Auto glass plays a major part in the design of modern vehicles. The glass in your vehicle acts as an important part of the design of the passenger compartment to withstand the crushing of the roof in a roll-over, and to manage energy transfer in less severe accidents.

The windshield is one of the primary safety components of vehicle design crash management, and it is utilized for passenger side air bag deployment. During an accident, a passenger-side air bag can blow an improperly installed windshield completely out of a vehicle.
A windshield that dislodges from the body of the vehicle will not provide the necessary support for the passenger compartment, nor allow the airbag to work properly.

The windshield is a major structural component of an automobile that must meet Federal crash and rollover standards. FMVSS 

Types of Auto Glass

Tempered Glass

Tempered glass is a single layer of glass that is heat treated to increase impact resistance. It is heated to around 1100 Degrees (F) then rapidly cooled. It is made to size and shape, as it cannot be cut after manufacture.

Laminated Glass

Laminated glass consists of two panes of glass permanently bonded together with a tough interlayer of plastic under heat and pressure into a single piece.

Windshields are made up of two layers of tempered Glass and a central layer of Plastic. These are laminated together to form a visual and Structural unit in your car.

Tints and Colors

Tinting is done by adding metallic ingredients to the glass mixture during manufacturing. Depending on the ingredients used, the color and performance properties will be different. Tinted glass in vehicles are called variously, Solar, Privacy, and Shaded.

Safety

Safety Standards

All vehicles sold in the United States must meet or exceed the following Federal Motor Vehicle Safety Standards

Passenger Airbag Deployment 
[FMVSS 49 CFR 571.208]
The airbag bounces off the windshield to absorb the initial deployment. This may shatter the windshield but as long as the windshield stays in place it is still serving its intended purpose.

Structural Strength 
[FMVSS 49 CFR 571.216]
In an accident in which the vehicle rolls over, the strength of the front of the passenger compartment depends primarily upon the windshield. As much as 60% of roof strength is lost if the glass separates from the vehicle body resulting in a crushed roof.

Containment 
[FMVSS 49 CFR 571.219]
If you are in a crash, it is important that debris from outside the vehicle not enter the passenger compartment and that passengers be kept inside the vehicle.

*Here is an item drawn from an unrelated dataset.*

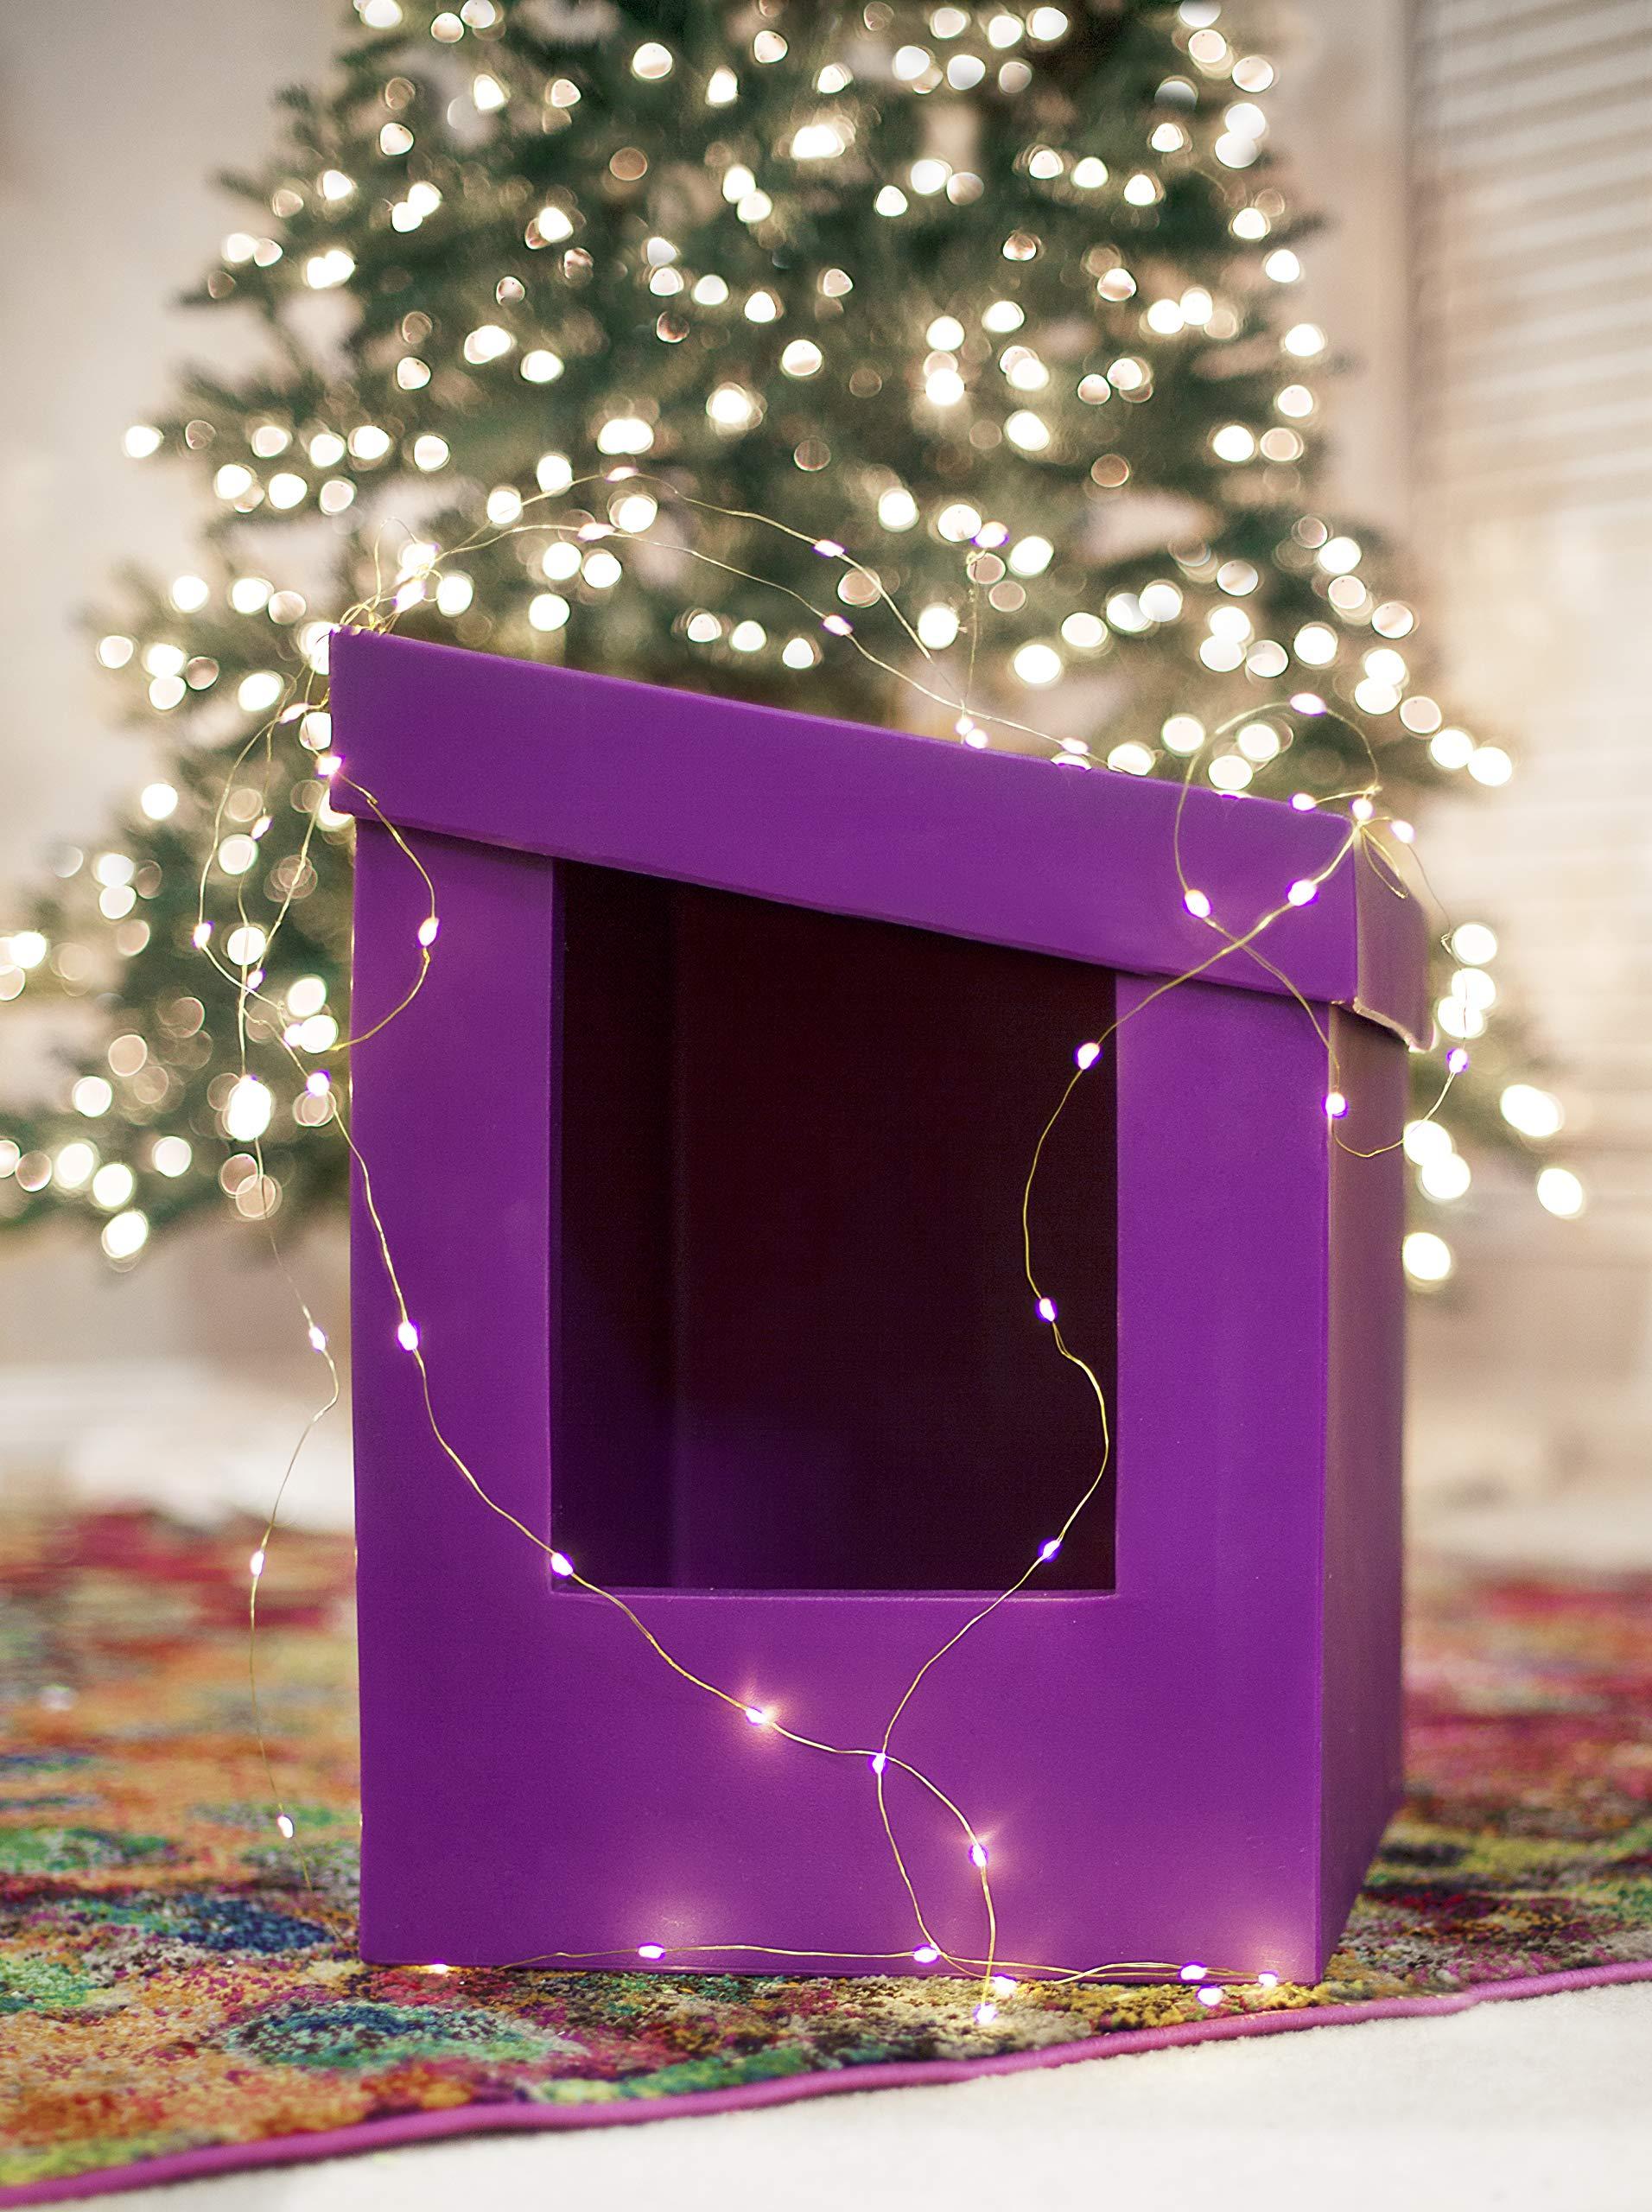 Kitangle Slope Style Modern Cat Litter Box, Purple by Kitangle

Older cars 1960's had windshields in rubber gaskets to hold them in place

Glossary

Adhesives 
Compounds that are used to bond together different materials by surface attachment.

Bulletproof Glass
is actually plastic of varying densities and construction.

Encapsulated
Has the exterior molding applied to the glass and is bolted thru the body from the inside.

Fixed
Usually glued into the body and covered with trim on the outside of the body.

 FMVSS
Federal Motor Vehicle Safety Standards

OEM
Original Equipment Manufacturer. This means that the glass meets the original specifications for safety and quality as the glass that it came with from the factory.

Privacy
Privacy Glass comes in a wide range of colors, depending on manufacturer and vehicle.

Shaded
Shading refers to the dark color band on the top of most windshields.